Howard Hughes Medical Institute, The Salk Institute for Biological Studies, La Jolla, CA 92037.
Jack H. Skirball Center for Chemical Biology and Proteomics, The Salk Institute for Biological Studies, La Jolla, CA 92037.
Proc Natl Acad Sci U S A. 2017 Mar 28;114(13):E2563-E2570. doi: 10.1073/pnas.1621513114. Epub 2017 Mar 20.
The peroxisome proliferator-activated receptor (PPAR) family comprises three subtypes: PPARα, PPARγ, and PPARδ. PPARδ transcriptionally modulates lipid metabolism and the control of energy homeostasis; therefore, PPARδ agonists are promising agents for treating a variety of metabolic disorders. In the present study, we develop a panel of rationally designed PPARδ agonists. The modular motif affords efficient syntheses using building blocks optimized for interactions with subtype-specific residues in the PPARδ ligand-binding domain (LBD). A combination of atomic-resolution protein X-ray crystallographic structures, ligand-dependent LBD stabilization assays, and cell-based transactivation measurements delineate structure-activity relationships (SARs) for PPARδ-selective targeting and structural modulation.

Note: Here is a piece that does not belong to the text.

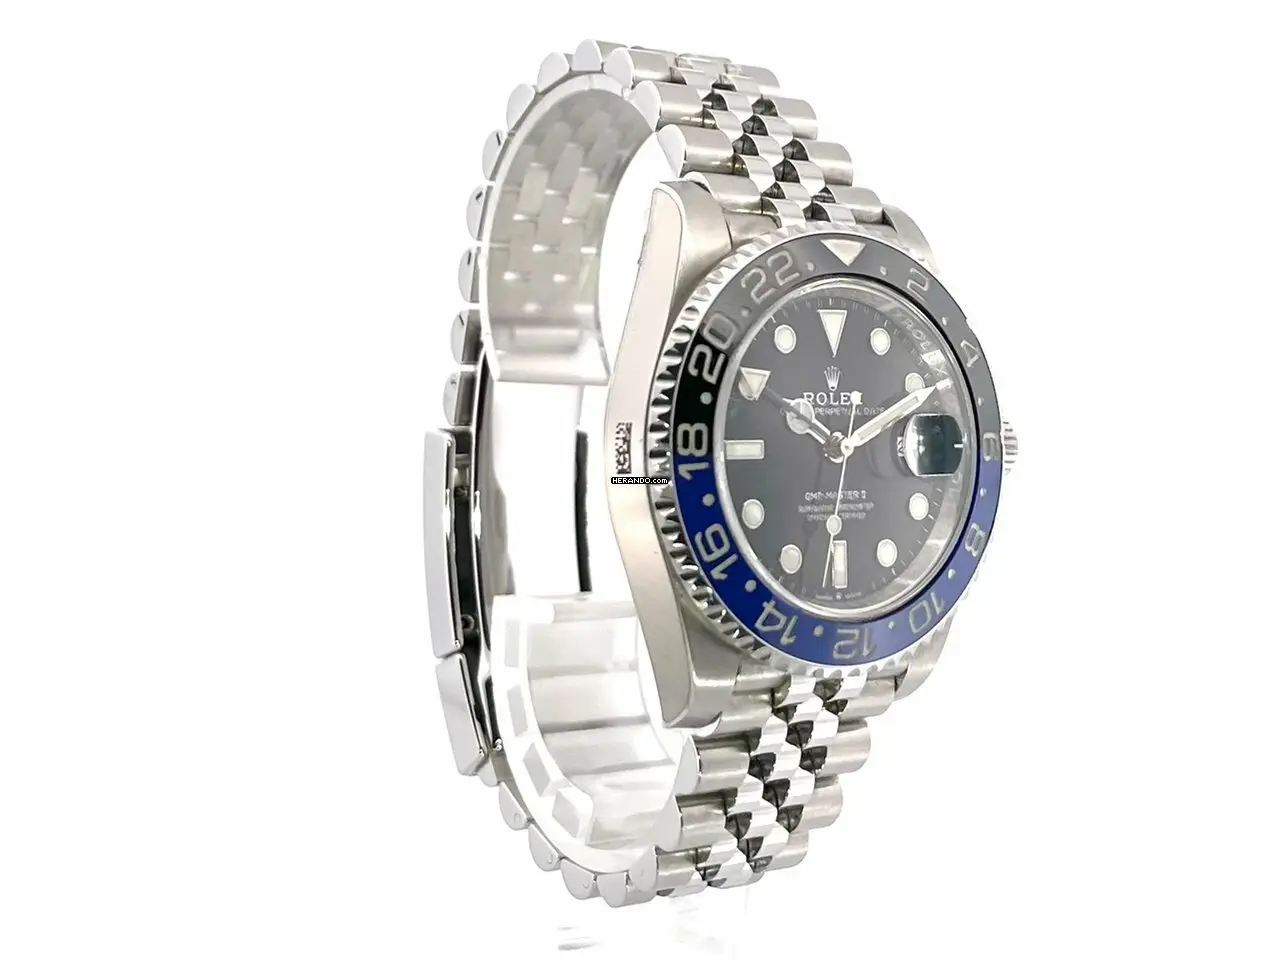 watches-328363-28410178-nplp6a1o3c72o2v9yf4ya3fa-ExtraLarge.webp

We identify key ligand-induced conformational transitions of a conserved tryptophan side chain in the LBD that trigger reorganization of the H2'-H3 surface segment of PPARδ. The subtype-specific conservation of H2'-H3 sequences suggests that this architectural remodeling constitutes a previously unrecognized conformational switch accompanying ligand-dependent PPARδ transcriptional regulation.

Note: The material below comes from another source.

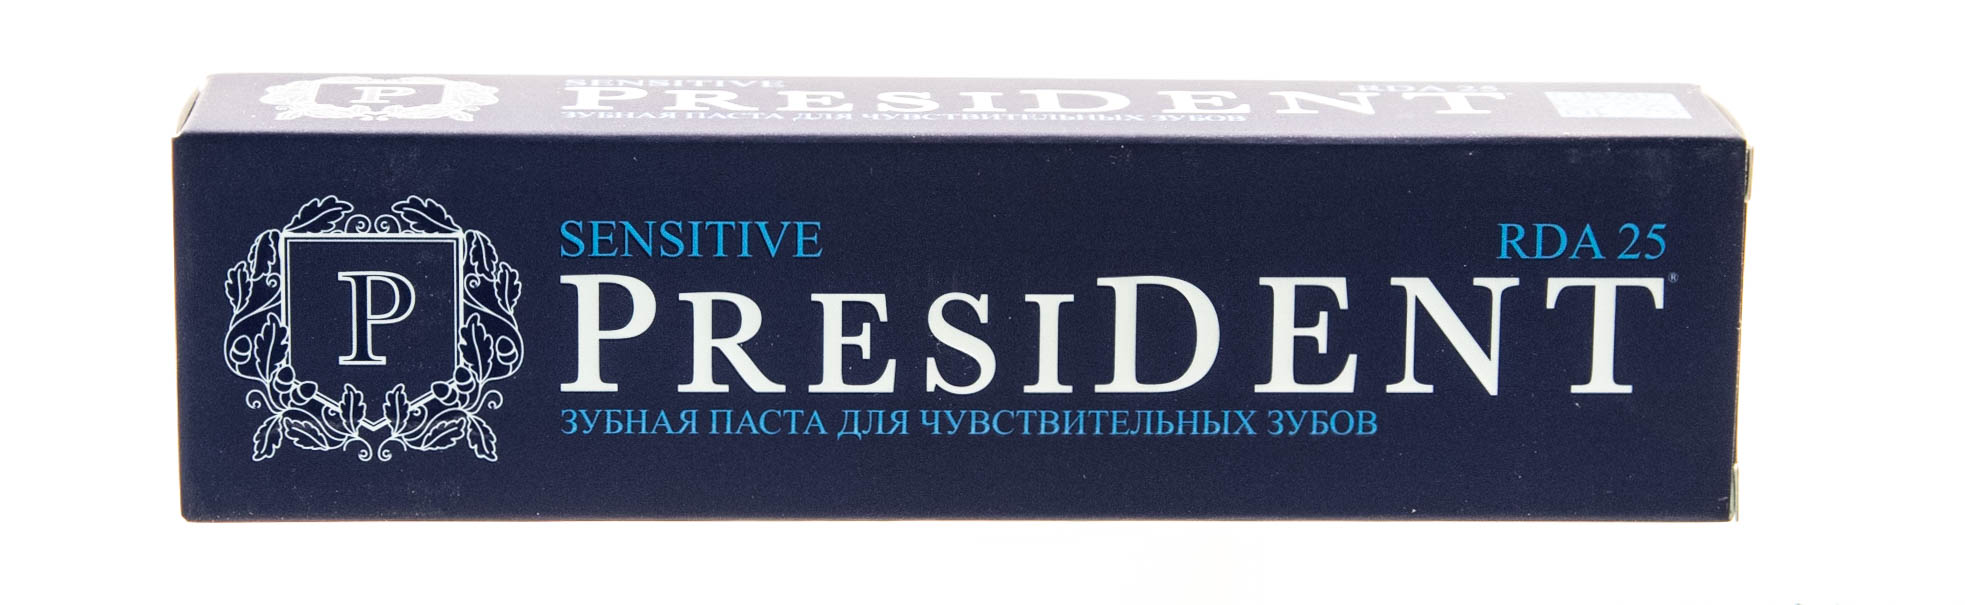 President Зубная паста для чувствительных зубов, 50 мл (Pres

过氧化物酶体增殖物激活受体 (PPAR) 家族包括三种亚型:PPARα、PPARγ 和 PPARδ。PPARδ 转录调节脂质代谢和能量稳态的控制;因此,PPARδ 激动剂是治疗多种代谢紊乱的有前途的药物。在本研究中,我们开发了一组合理设计的 PPARδ 激动剂。模块化基序可使用针对 PPARδ 配体结合域 (LBD) 中特定于亚型的残基相互作用进行优化的构建块进行高效合成。原子分辨率的蛋白质 X 射线晶体结构、配体依赖性 LBD 稳定测定和基于细胞的转激活测量相结合,描绘了 PPARδ 选择性靶向和结构调节的构效关系 (SAR)。我们确定了 LBD 中保守色氨酸侧链的关键配体诱导构象转变,该转变触发 PPARδ 的 H2'-H3 表面片段的重组。H2'-H3 序列的亚型特异性保守性表明,这种结构重塑构成了伴随配体依赖性 PPARδ 转录调节的以前未被识别的构象开关。